The first implementation target is Feishu/Lark.
Problem
The desired user experience is:
- an agent follows a group mention
- someone mentions the agent in a group
- the agent receives a concise reminder
- the agent asks for message context before responding
- the agent replies in the right place
This does not fit cleanly into a single "message received" event.
If the inbox item stores only the mention event, the agent lacks enough context to answer well. If the inbox item eagerly stores a large chat window, the source will do unnecessary provider reads, create large inbox entries, and make the subscription path depend on runtime-specific reasoning needs.

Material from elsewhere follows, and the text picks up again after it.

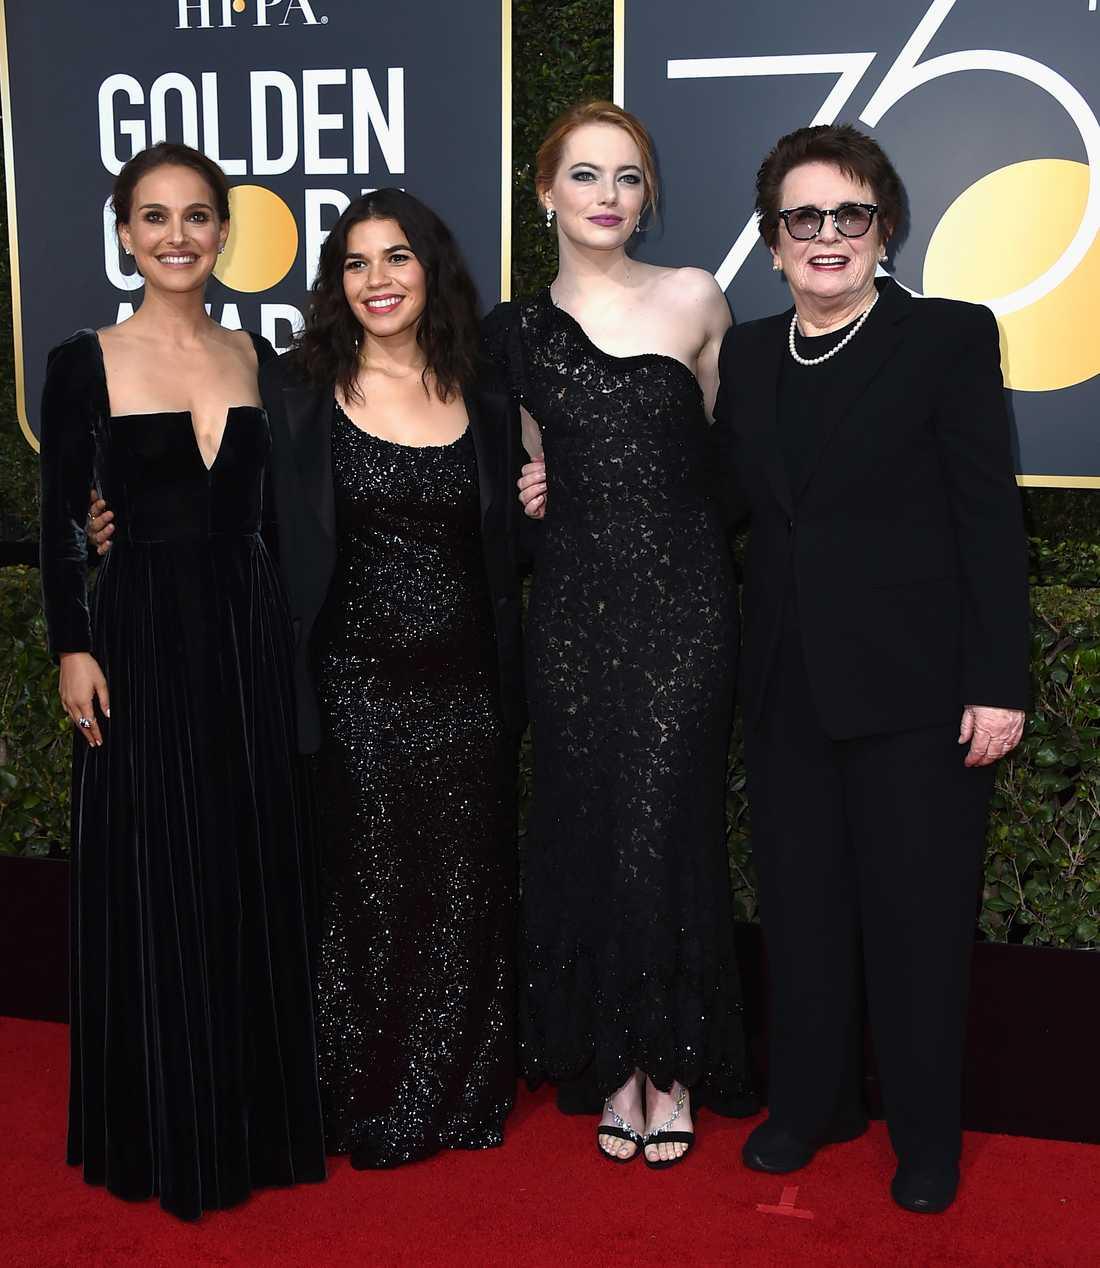 Flera kändisar visade sin sempati med Time's Up under Golden Globe.

There is also a product-boundary question. Agents can call provider CLIs such as
lark-cli, but making that the normal path leaks provider tooling, credentials,
and output shape into every agent runtime.
Goals
- make IM reminders first-class without turning each chat into a private source
- keep provider credentials and API access behind UXC-backed source modules
- let agents fetch context only when they need it
- expose stable, structured context data instead of provider CLI output
- preserve delivery and feedback as
DeliveryHandleplus source-specific operations - make Feishu/Lark the first case without hardcoding Feishu/Lark semantics into the core
- keep
lark-cliuseful for development, debugging, and smoke testing, not as the required runtime contract
Non-Goals
- do not make
AgentInboxan IM client - do not build a general chat UI or conversation memory layer
- do not copy all provider messages into AgentInbox by default
- do not require every IM provider to expose identical event or context APIs
- do not let agents directly manage provider credentials
- do not make
lark-clithe product contract for agents
Terms
IM Host
A provider account or app identity that can receive and send IM events.
For Feishu/Lark this is the app/bot identity configured in UXC.
IM Message Stream
A shared source stream of provider message events.
For Feishu/Lark this maps to app-level im.message.receive_v1 event
consumption. It is not scoped to one chat.
Reminder Subscription
An agent-specific interest over a shared IM message stream.
Examples:
- messages in chat
oc_xxx - messages in chat
oc_xxxthat mention open idou_xxx - direct messages to the bot
Context Anchor
Stable metadata on an inbox item that lets a source module fetch context later.
Examples:
chatIdmessageIdmessageTypesenderOpenIdoccurredAtthreadIdparentIdrootId
Context Operation
A source-specific read operation that uses a context anchor to fetch nearby messages, thread messages, or message details.
Feedback Operation
A source-specific write operation that sends a reply, reaction, acknowledgement, or follow-up message through the provider.
Conceptual Model
IM integrations should split the interaction into three planes.
1. Reminder Plane
The reminder plane decides which provider events become agent-visible inbox items.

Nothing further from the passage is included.